Ted Woolsey, 60, died late Wednesday when his rental car struck a concrete divider and flipped over, officials said. During a lengthy career, Woolsey worked on some of the city’s most notorious crimes.
Over the past ten years, Woolsey earned the respect of criminal defense attorneys for his work on cases that seemed like lost causes. His caseload included 28 murder trials, with 16 of them death penalty cases. He worked for lawyers representing Lyle Menendez in the Menendez brothers trial; Jeremy Strohmeyer in the Nevada casino killing of a young girl and Glendale Fire Capt. John Orr, who was charged with four arson deaths.
The former Los Angeles County Sheriff’s deputy was engaged in an all-out search for Ariane Miyasaki, who disappeared 15 months ago at age 13.
Ariane’s father, Ken Miyasaki, a dentistry professor at the University of California, Los Angeles, has alleged the Culver City Police Department botched their investigation of the case and failed to interview two key witnesses to his daughter’s Jan. 5, 1999, disappearance.
Woolsey was in Georgia last week searching for Jesse James Williams, 26, an ex-felon who was last seen with Ariane and the 14-year-old girl with whom she disappeared.

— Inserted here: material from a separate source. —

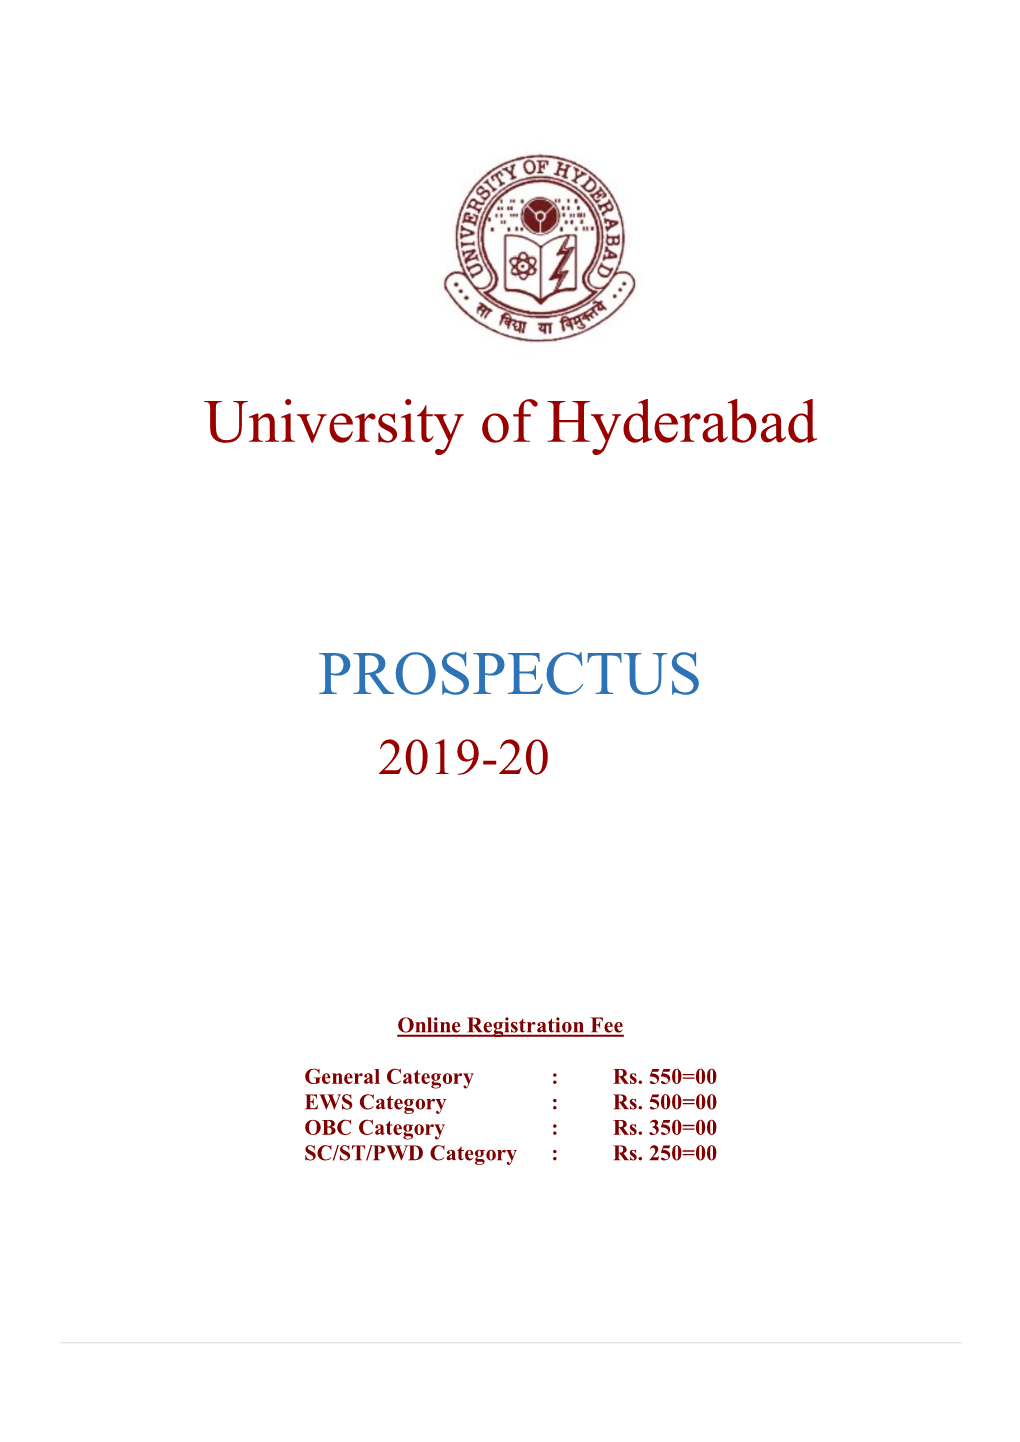 University of Hyderabad PROSPECTUS

Williams, who is also known as ”Jester,” was extradited to Los Angeles in the fall after he violated parole in Seattle. Culver City police, however, did not interrogate Williams before he was released by a judge and disappeared.
Culver City police have denied any mishandling of the case.
Woolsey learned that Williams told a probation department worker he planned on returning to his family in Georgia.
Woolsey lost control of his car on the Bobby Jones Expressway and died from head injuries suffered in the crash, said Richmond County Coroner Leroy Sims.
”I’m in shock,” said a stunned Ken Miyasaki when he learned of Woolsey’s death. ”If the police had done their job, he would not have had to be back there.”
Woolsey is survived by his wife, Stacy, and his 9-year-old son, Baily. Services were set for Monday at Mountain View Cemetery in Altadena.